7.3 Pure Tones, Consonance and Dissonance
We briefly discussed the perception of consonance and dissonance of pure tones in Section 5.5. We stated that beat frequencies in the range of 10 – 50 Hz are annoying to the ear. We can now explain this in a bit more detail based on the structure of the ear that we developed in the last two sections.
Two pure tones played together:
Loudness. The first consequence of the Critical Bandwidth is on how the loudness of two tones is perceived. If two tones are within the critical bandwidth, the combination does not sound as loud as if they are separated by more than the CB:
If the two tones are quite separate in frequency, as much of the Basilar Membrane is activated as possible. However, if the CB of the tones overlap, a smaller part of the membrane is activated, and the two tones do not sound as loud. If the neurons are already firing in response to one tone, it does not help to have the other tone also trying to make them fire.
Roughness. If tones are overlapping, there is a region on the Basilar Membrane where the neurons are trying to respond to both tones. The problem is that the neurons don’t know which frequency to follow. The neurons end up jumping back and forth between the two frequencies. This gives rises to a rough or unpleasant sensation. It also makes it hard to focus ones attention on just one of the two tones.
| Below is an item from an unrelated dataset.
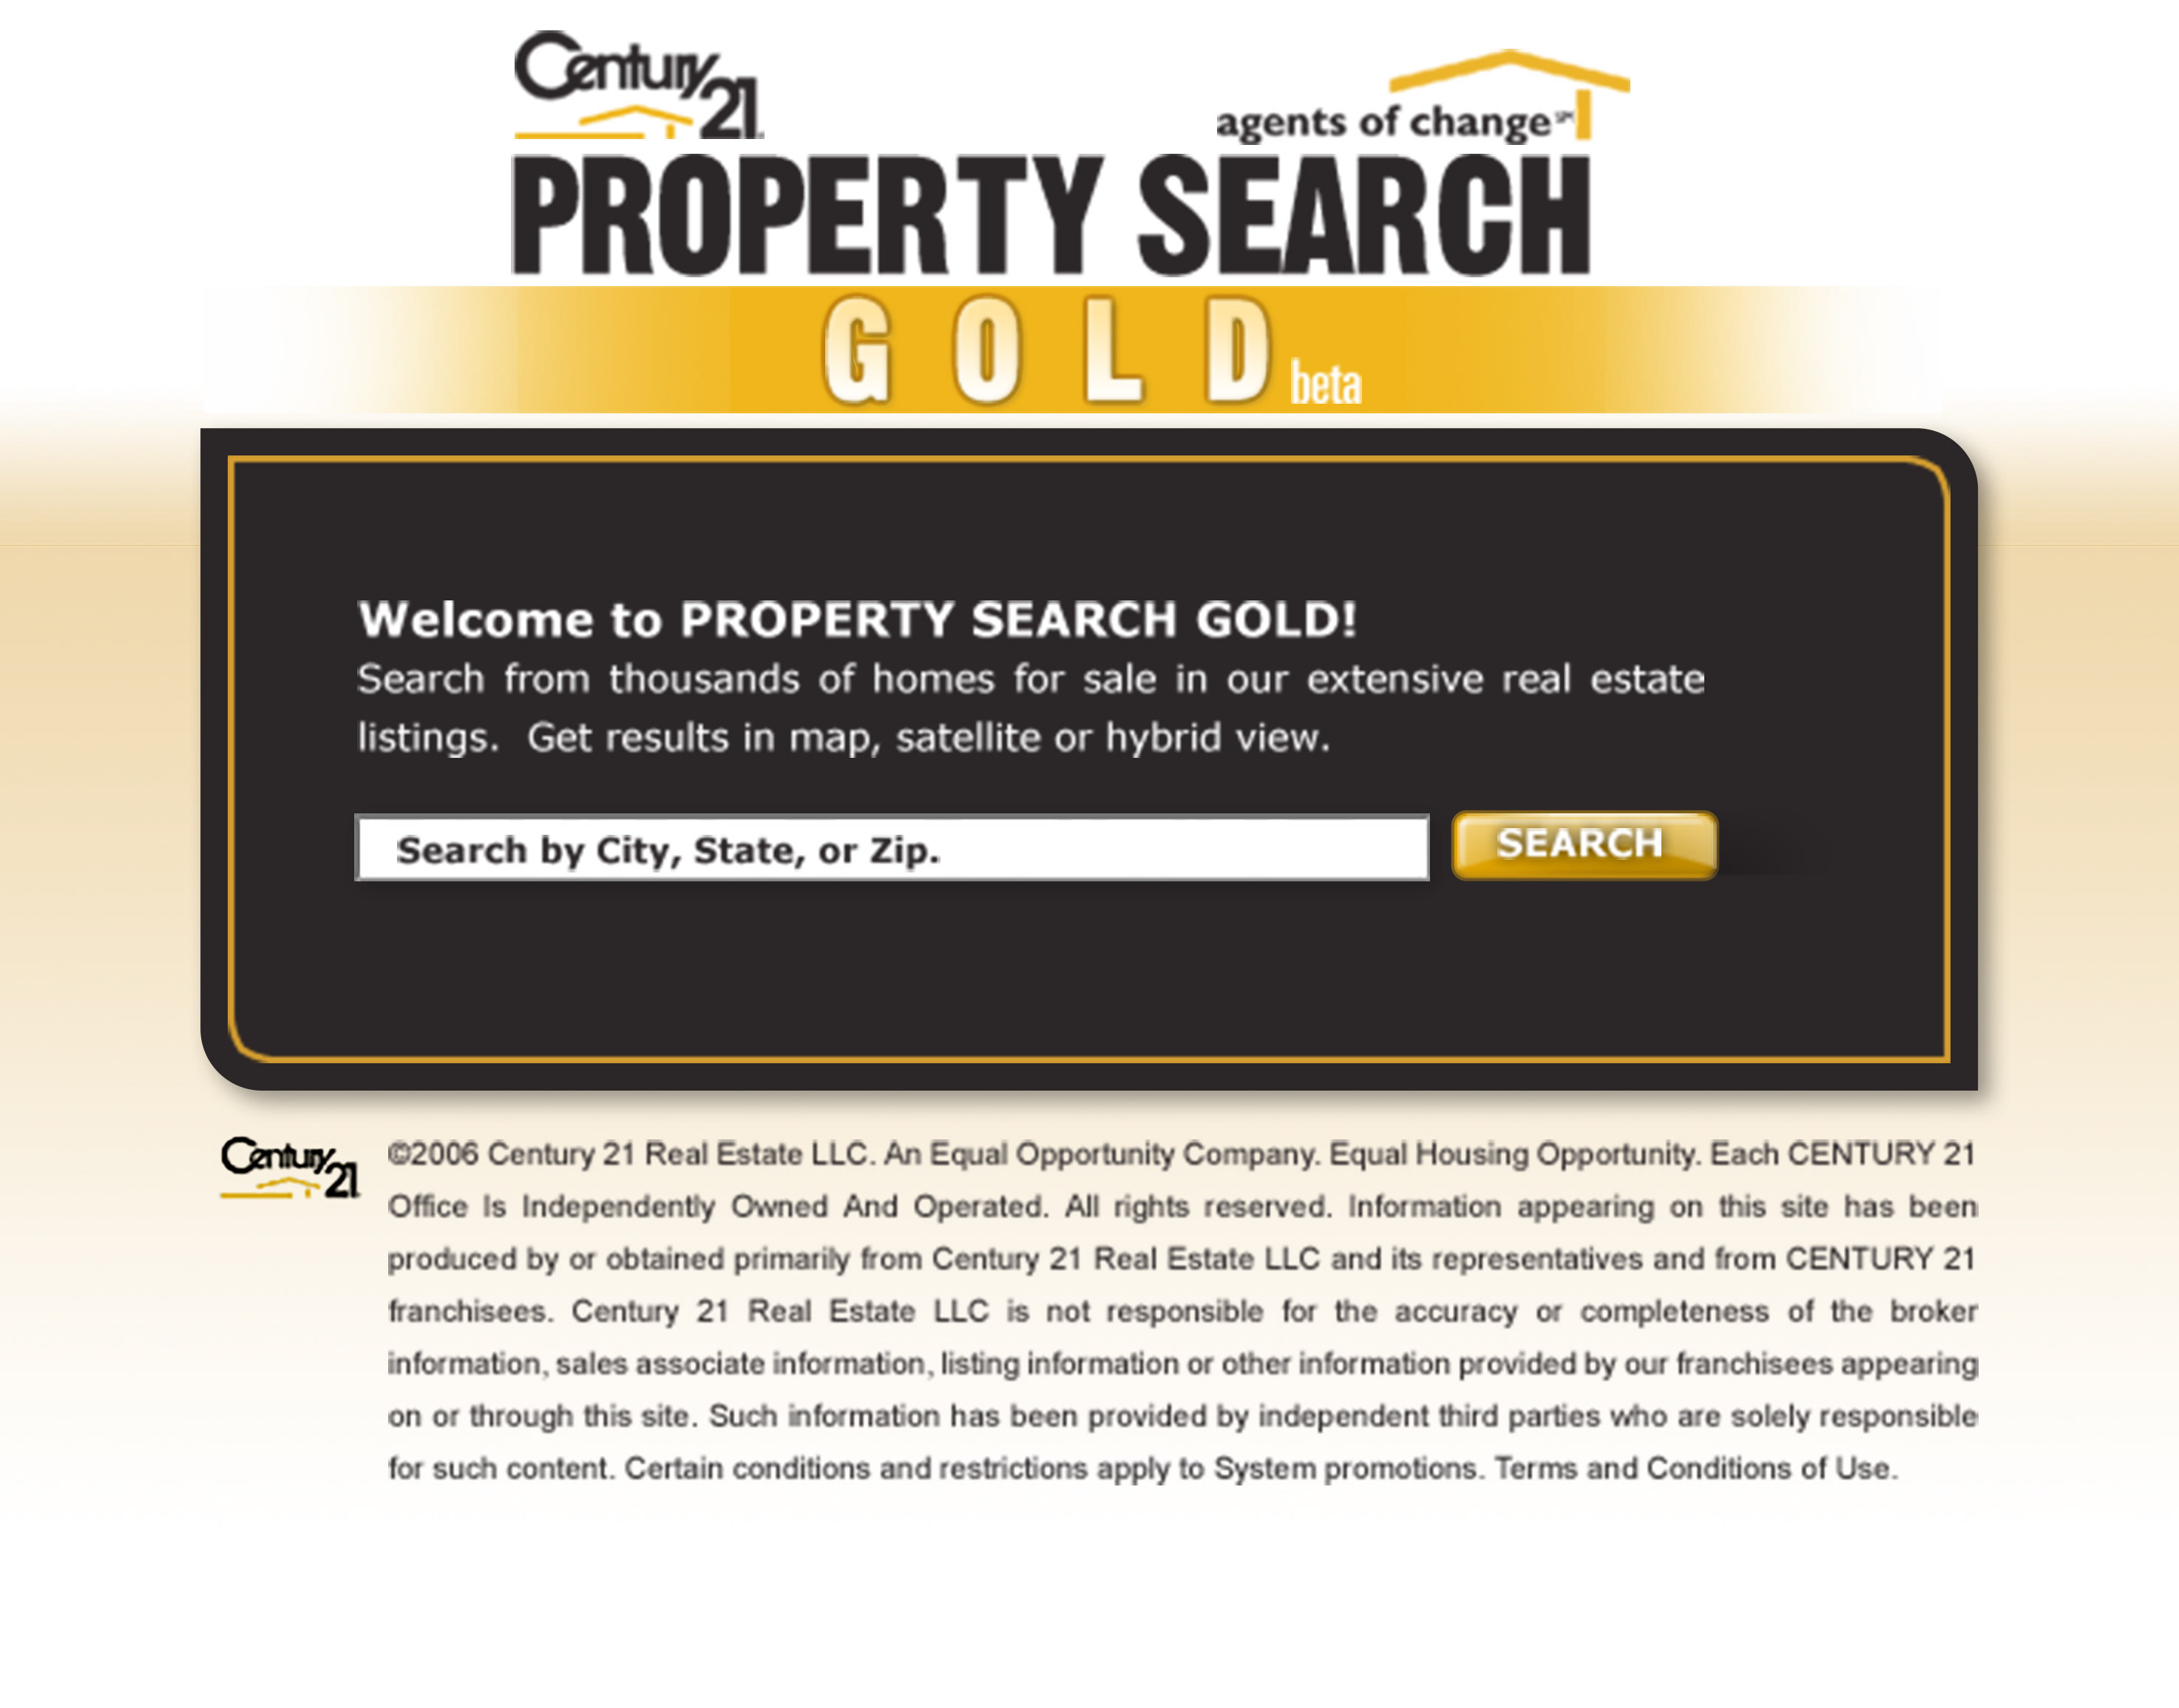 jacob usawicz - Century 21 Property Search Gold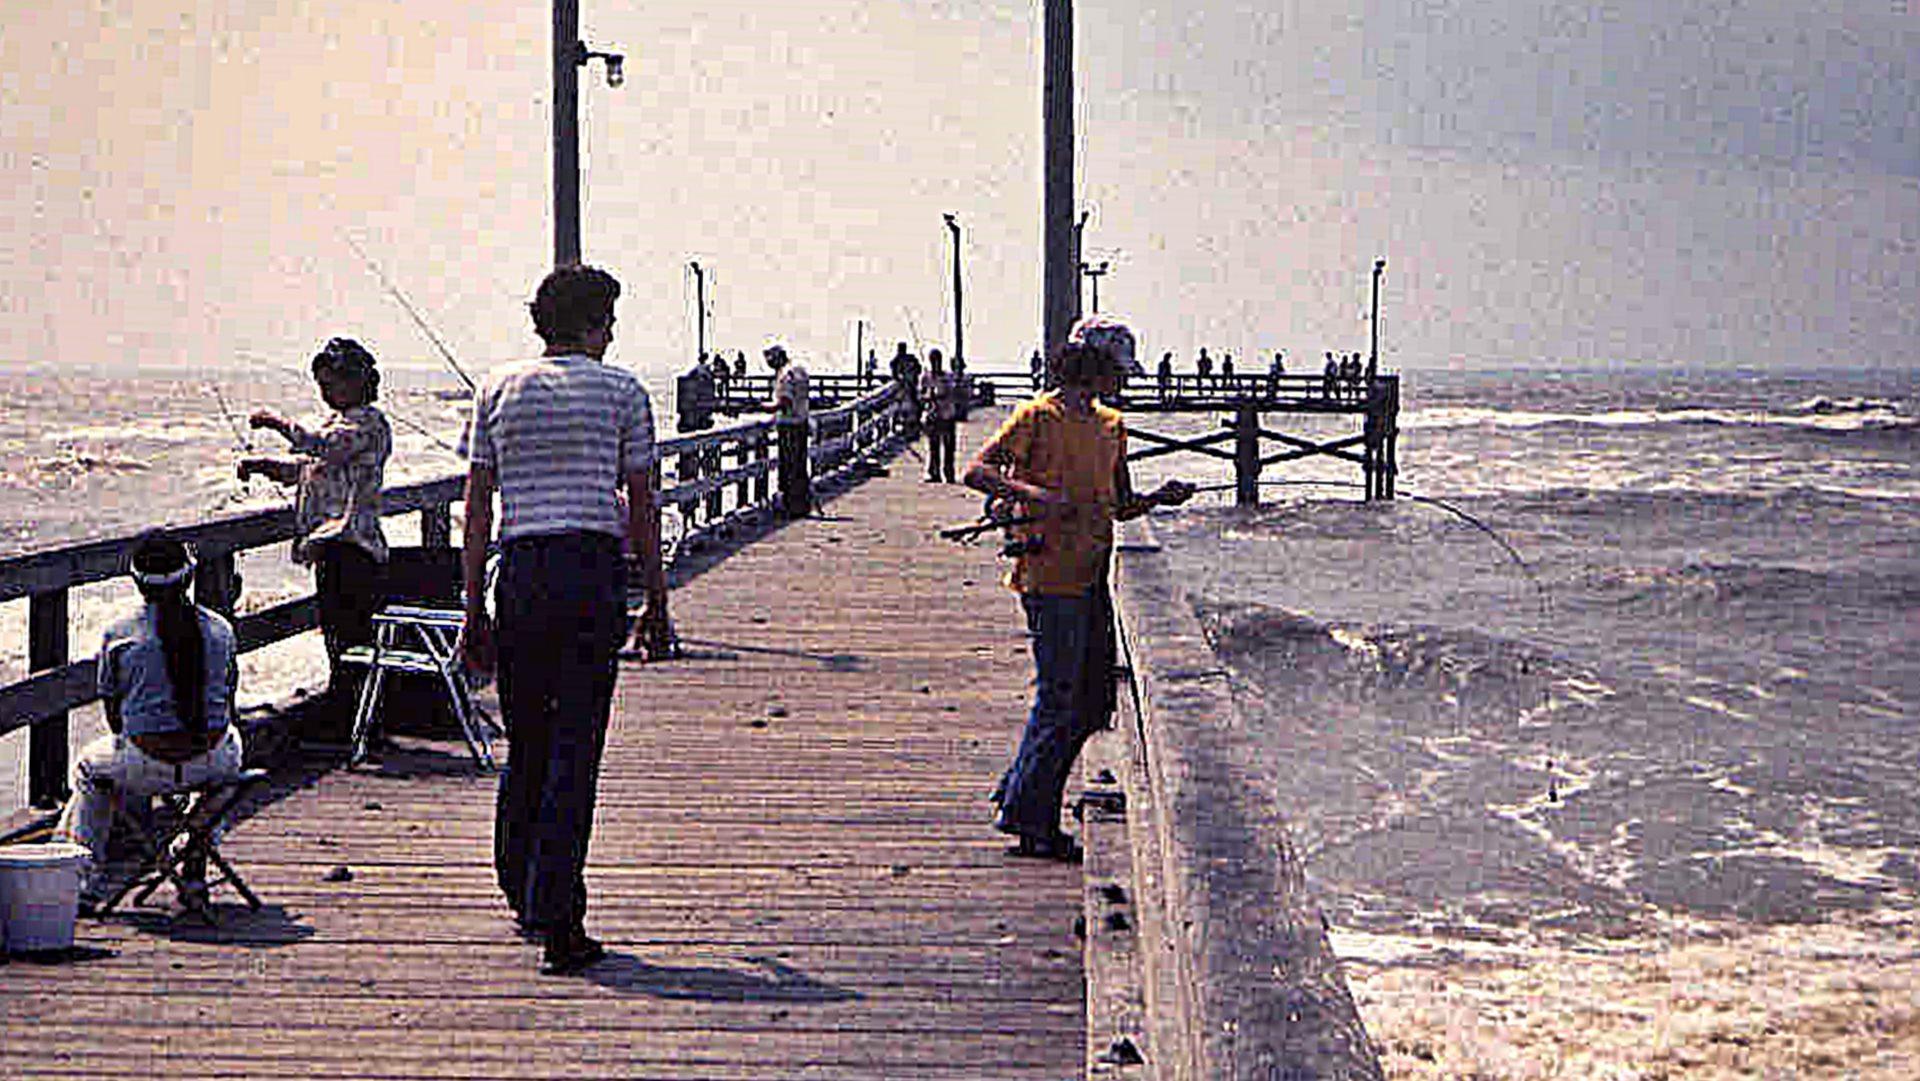 Corpus christi for Corpus christi fishing spots

Perception of two pure tones f1 and f2.
We are now in a position to analyze what two pure tones will sound like based on the difference of the two frequencies. If:
|f1 – f2| |
< 10 Hz. |
You hear a single pitch equal to the average frequency ½ (f1 + f2). However, you will also hear beats. |
|
> 15 Hz |
Still hear one tone, but brain can no longer follow the beat frequency. The Critical Bandwidths are overlapping so the neurons fire irregularly creating dissonance. A difference frequency of 30-40 Hz is the worst in terms of dissonance or roughness. |
|
> half step |
E.g. 60 Hz at 1000 Hz. You can begin to hear two separate tones, but the C.B.’s are still overlapping, so the tones are dissonant. |
|
> C.B. |
E.g. 190 Hz at 1000 Hz. Now, you hear two distinct tones and they sound consonant. You can also begin to hear a difference tone. |
Notice how the frequencies of the notes will affect the perception. The first distinctions, 10 Hz, 15, Hz and 30-40 Hz are absolute frequencies, and are independent of the frequencies of the individual notes. The last to conditions (> half step and > C.B.) are defined relative to the frequencies of the two notes. Thus, these conditions will apply differently for different ranges of frequencies.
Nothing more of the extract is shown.